U.K. and EU Agree on New Security Arrangements as Brexit Is Finalized

The U.K. has formed a new comprehensive security agreement with the European Union following the finalization of the Brexit transition process on January 1, 2021.

The new measures agreed include streamlined extradition arrangements and an arrangement enabling the fast and effective exchange of national DNA, fingerprint and vehicle registration data via the Prüm system to aid law enforcement agencies in investigating crime and terrorism. The U.K. and EU have also agreed to arrangements enabling the fast and effective exchange of criminal records data via shared technical infrastructure, as well as arrangements providing for continued transfers of Passenger Name Record data to protect the public from serious crime and terrorism. In addition, the U.K. has confirmed that it will continue its operational co-operation with Europol and Eurojust. 

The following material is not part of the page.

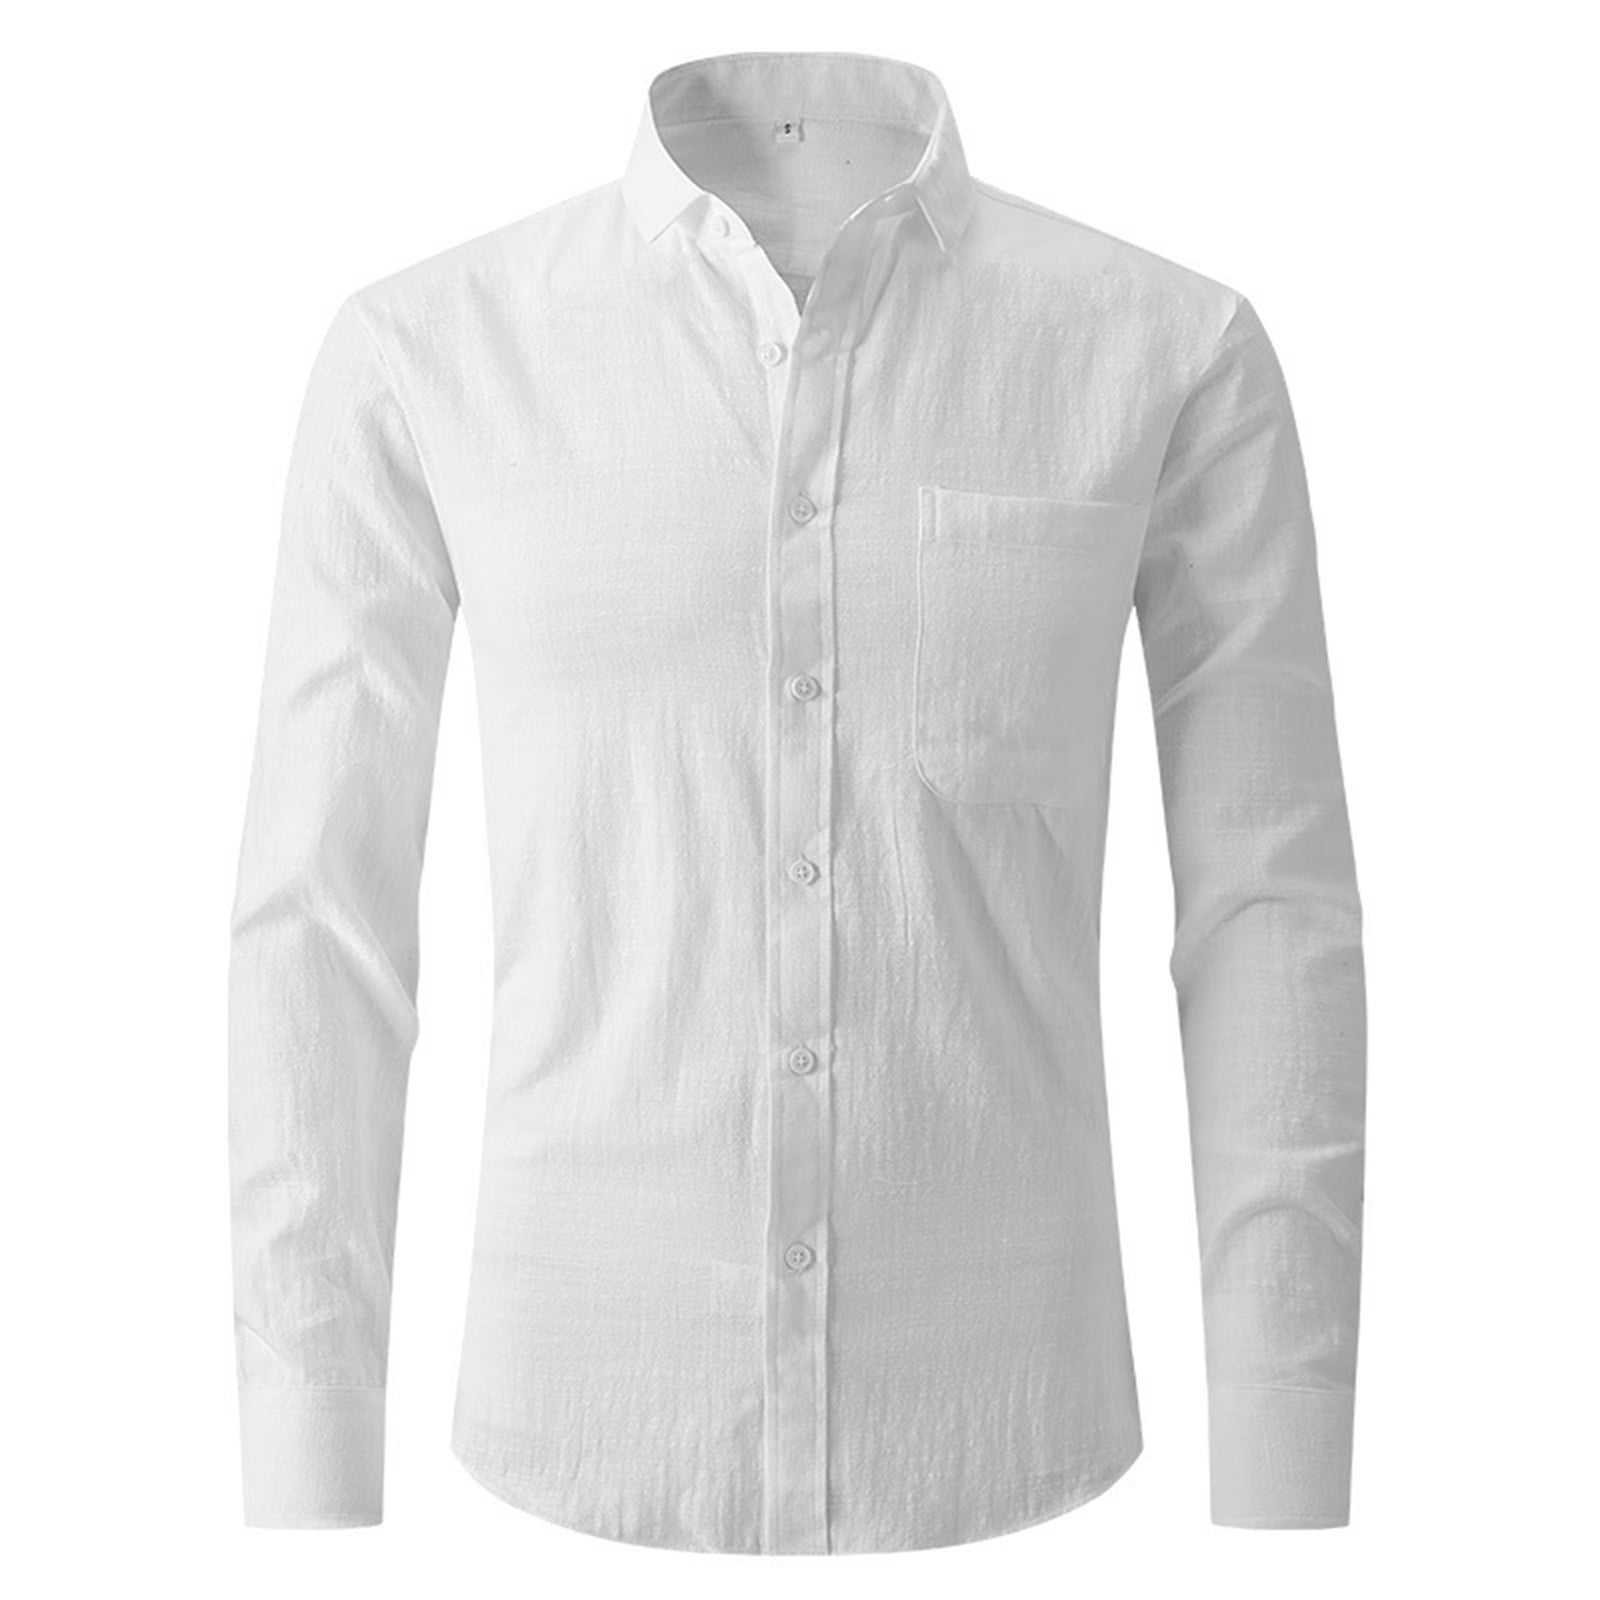 Flannel shirt for men Elastic Shirt Men's Long Sleeve Shirt Men's Top ...

It is the first time the EU has agreed such a comprehensive agreement with a third country in this area. It ensures the U.K. can work with counterparts across Europe to tackle serious crime and terrorism, protecting the public and bringing criminals to justice.

Tougher border rules for EU criminals also came into force on January 1. Under these changes, foreign criminals sentenced to more than a year in jail will be banned from entering the U.K.

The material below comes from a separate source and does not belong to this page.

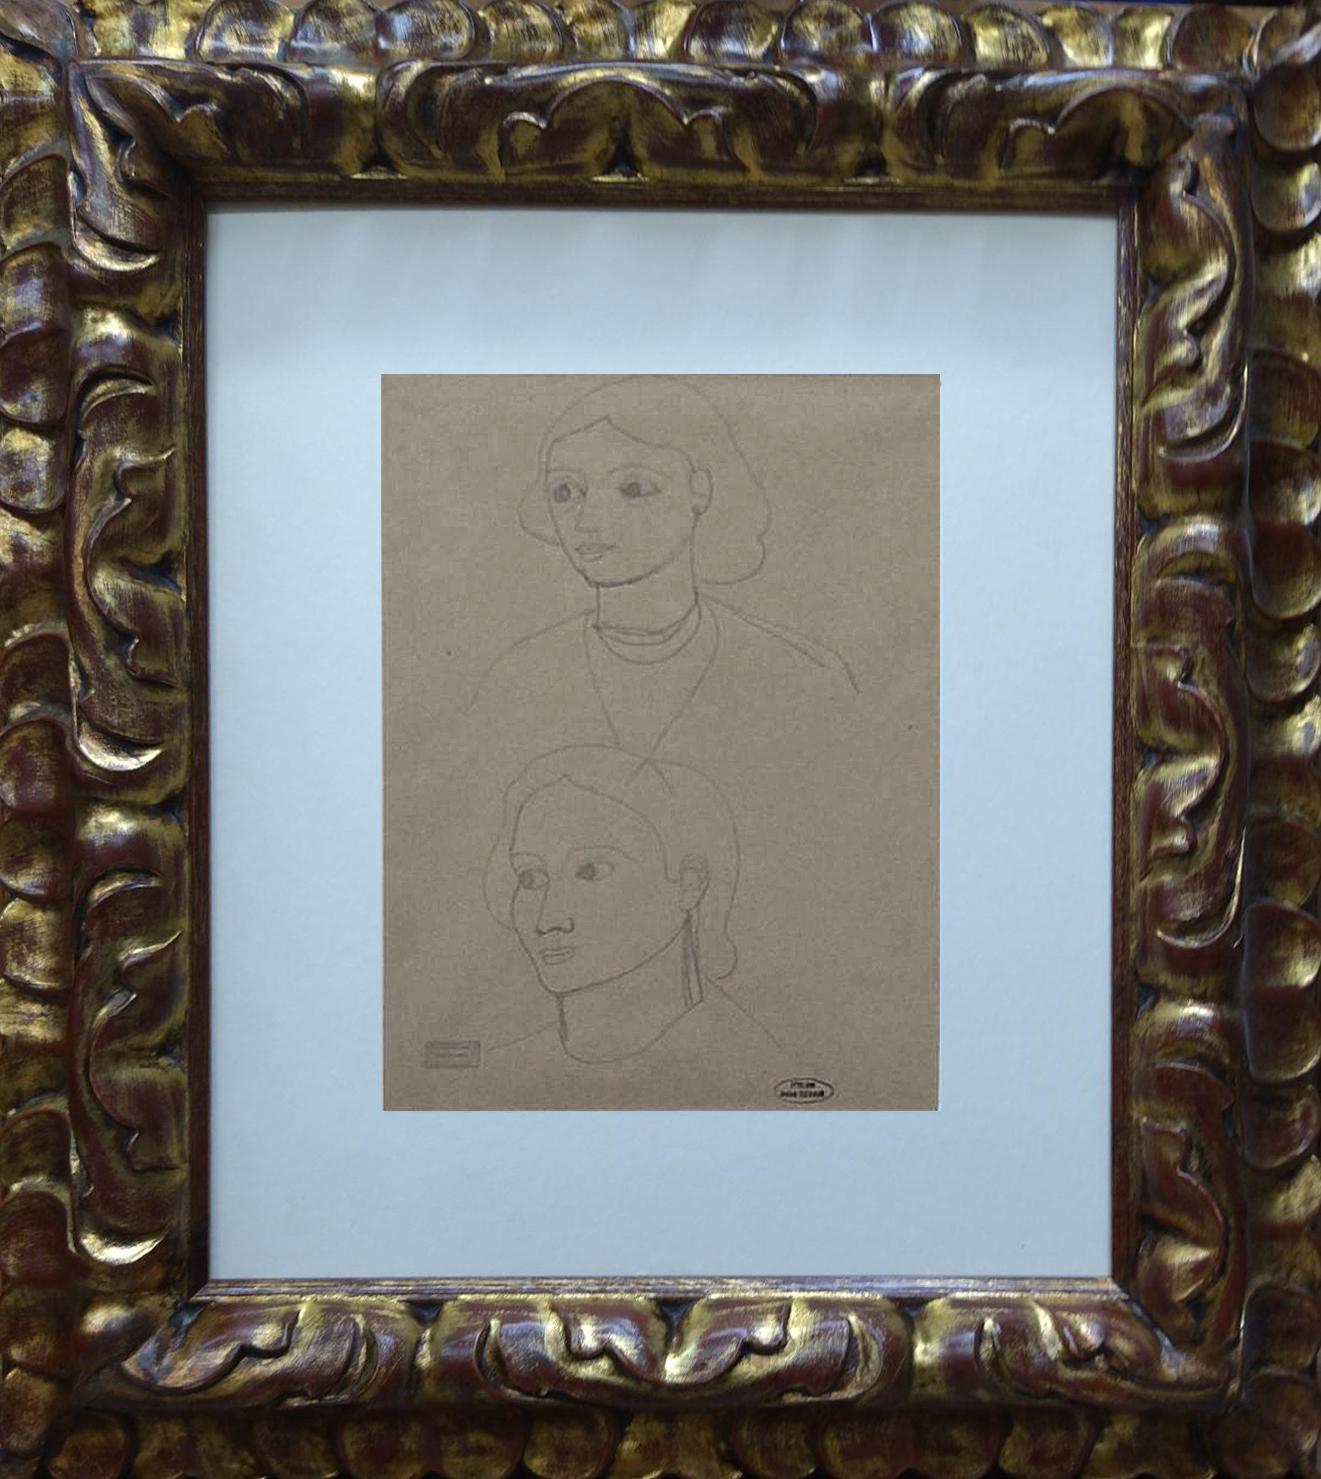 Figurative Painting André Derain - Andre Derain 94 Sketch of Faces, dessin original au crayon

The U.K. will also make it harder for criminals to operate and smuggle illicit commodities such as guns and drugs into the country. From July 2021, the U.K. will start receiving advance data on all goods coming from the EU into Britain, something which has not previously been possible under EU rules.

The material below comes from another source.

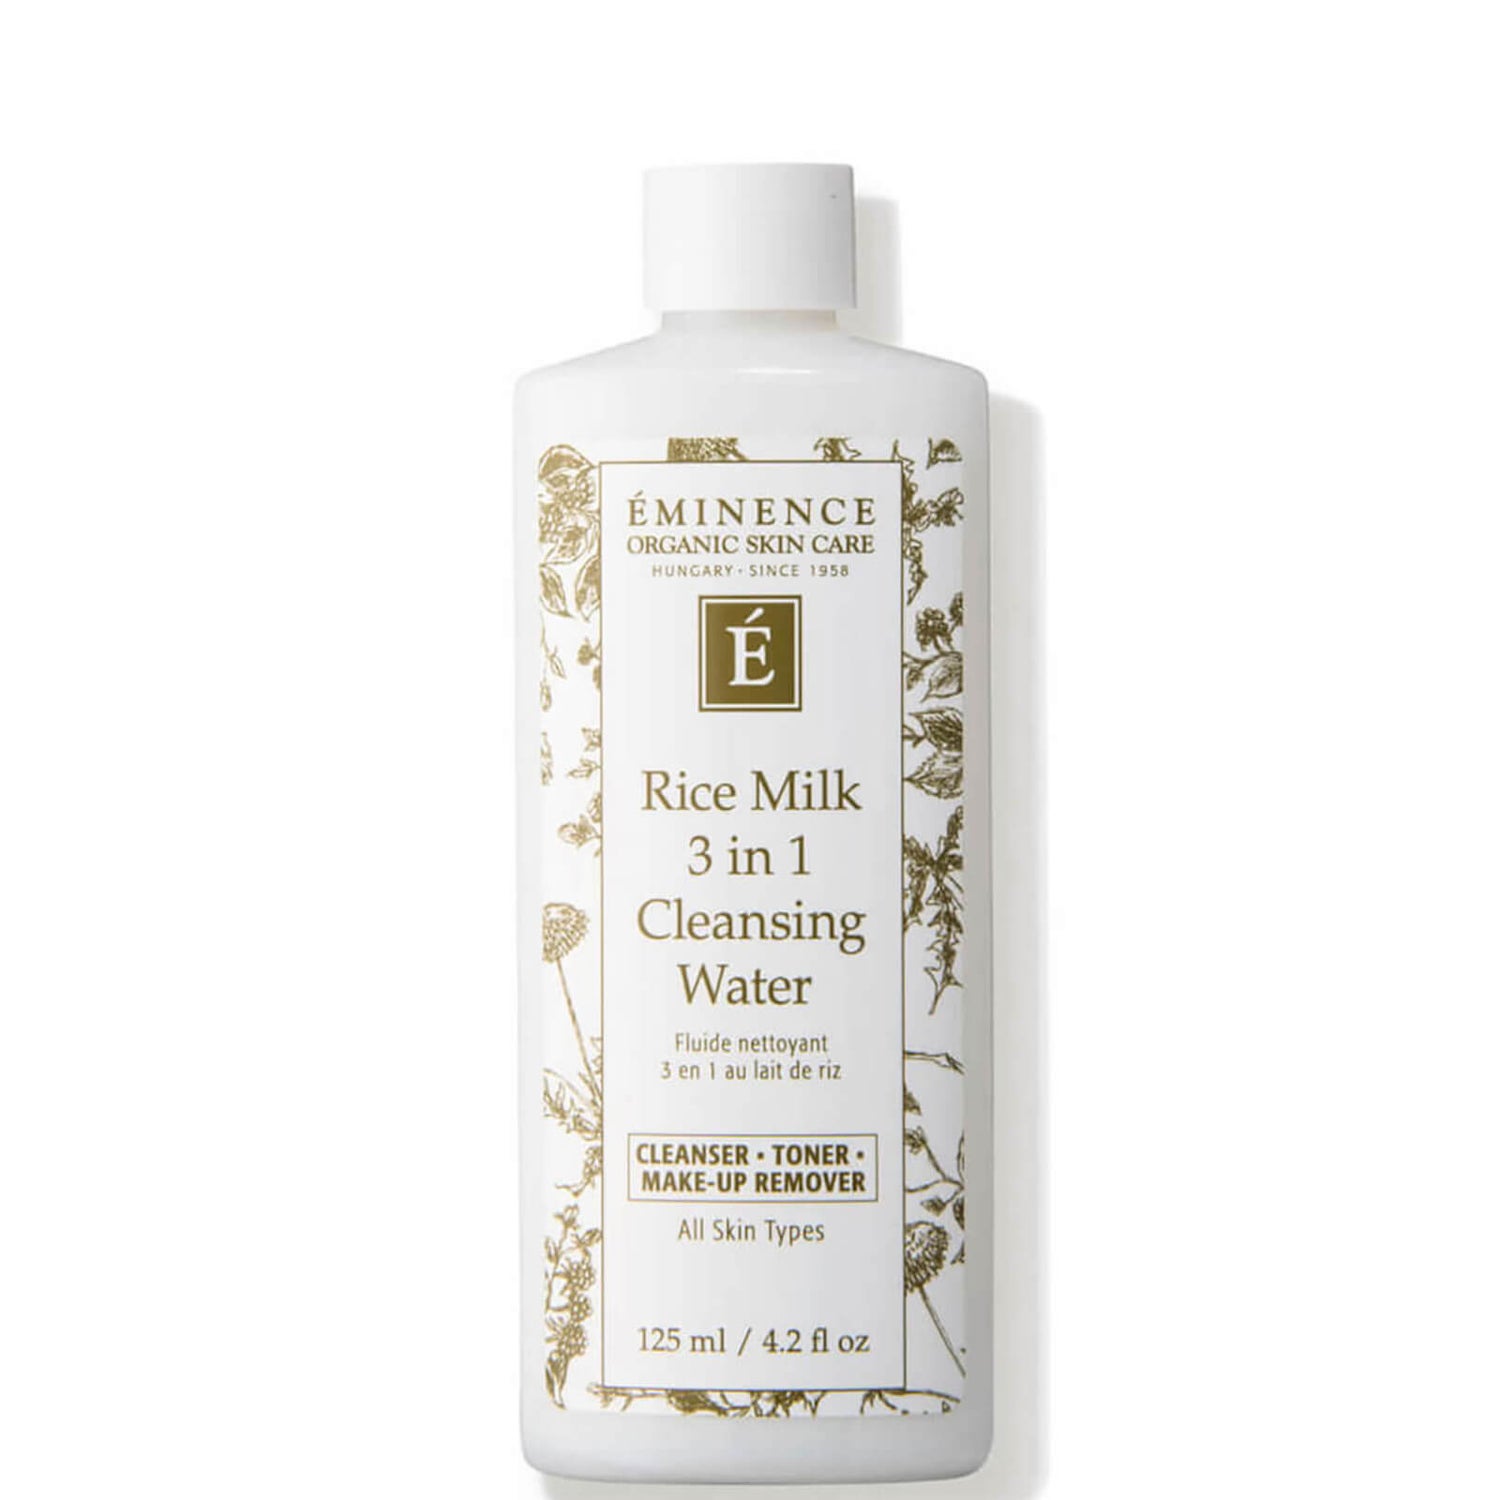 Eminence Organic Skin Care Rice Milk 3 in 1 Cleansing Water 4.2 fl. oz

The U.K. is also phasing out the use of insecure identity documents used to enter the U.K. From October 1, 2021, the U.K. will refuse to recognise EEA and Swiss national identity cards which it says are some of the most insecure and abused documents seen at the border and often used by organized crime groups.

The government is also providing the police with more powers to protect the public. Police will now have the power to detain fugitives wanted by close partner countries immediately without having to apply for a U.K. arrest warrant first.